As multi-modal models tackle increasingly complex long-form video understanding, their capacity to retain and recall information—their memory—becomes a significant bottleneck. Current benchmarks, while advancing perception and reasoning, have largely overlooked a systematic evaluation of this critical capability. The researchers address this gap with M$^3$Eval, the first comprehensive evaluation framework and benchmark designed specifically for probing different memory dimensions in multi-modal models. This novel approach, grounded in cognitive psychology, introduces carefully constructed tasks to isolate key memory aspects. You can find more details on this pioneering work at arXiv.
Related startups
Memory's Weakest Links: Disentanglement and Interference
Leveraging M$^3$Eval, extensive experiments reveal consistent weaknesses across representative multi-modal models. A key finding is the struggle to maintain disentangled representations when processing parallel video streams.

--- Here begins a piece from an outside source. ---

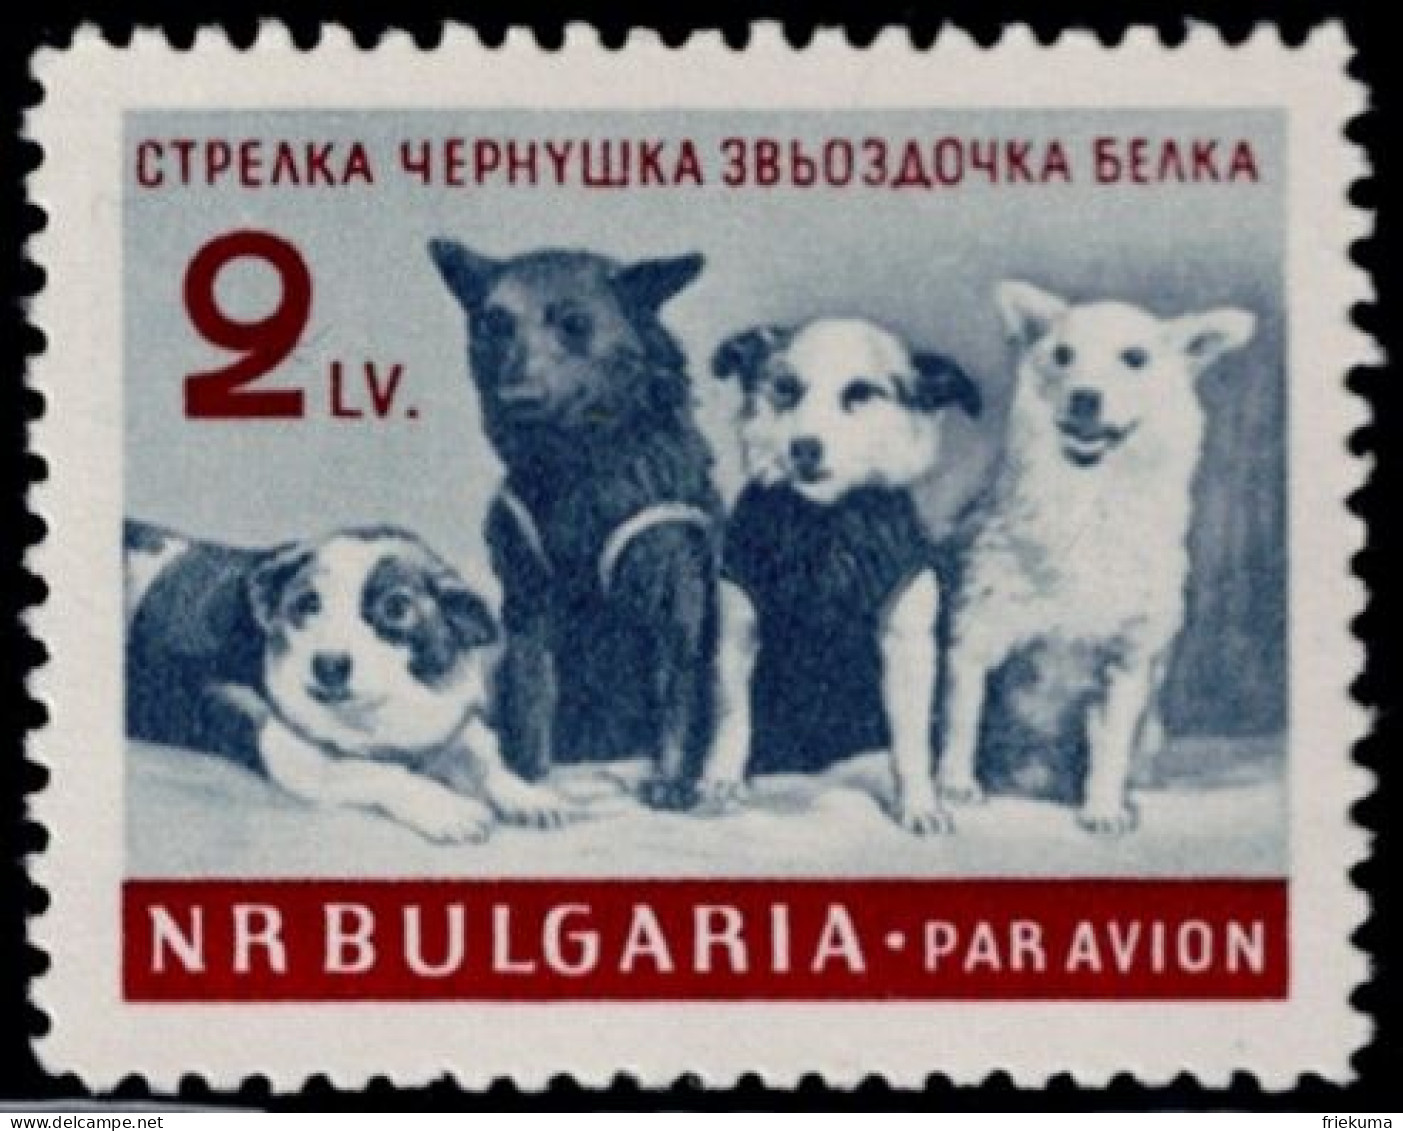 Bulgaria 1961, Soviet Cosmonaut Dogs: Cosmonaut Dogs "Strelka", "Chernushka", "Tsvdochka" And "Belka", MiNr. 1249 - Perros

Furthermore, the models exhibit interference patterns that diverge significantly from human memory, suggesting a fundamental difference in how information is overwritten or corrupted. This underscores the need for improved multi-modal model memory evaluation.
Spatial vs. Temporal Grounding and Symbolic Gaps
The evaluation also sheds light on how multi-modal models anchor their memory. The research indicates that models ground memory sources more reliably in the spatial domain than the temporal domain. This spatial bias may limit their ability to recall sequential events accurately. Additionally, a notable limitation observed is the constrained symbolic memory capacity, which is crucial for abstract reasoning and understanding narratives over extended periods.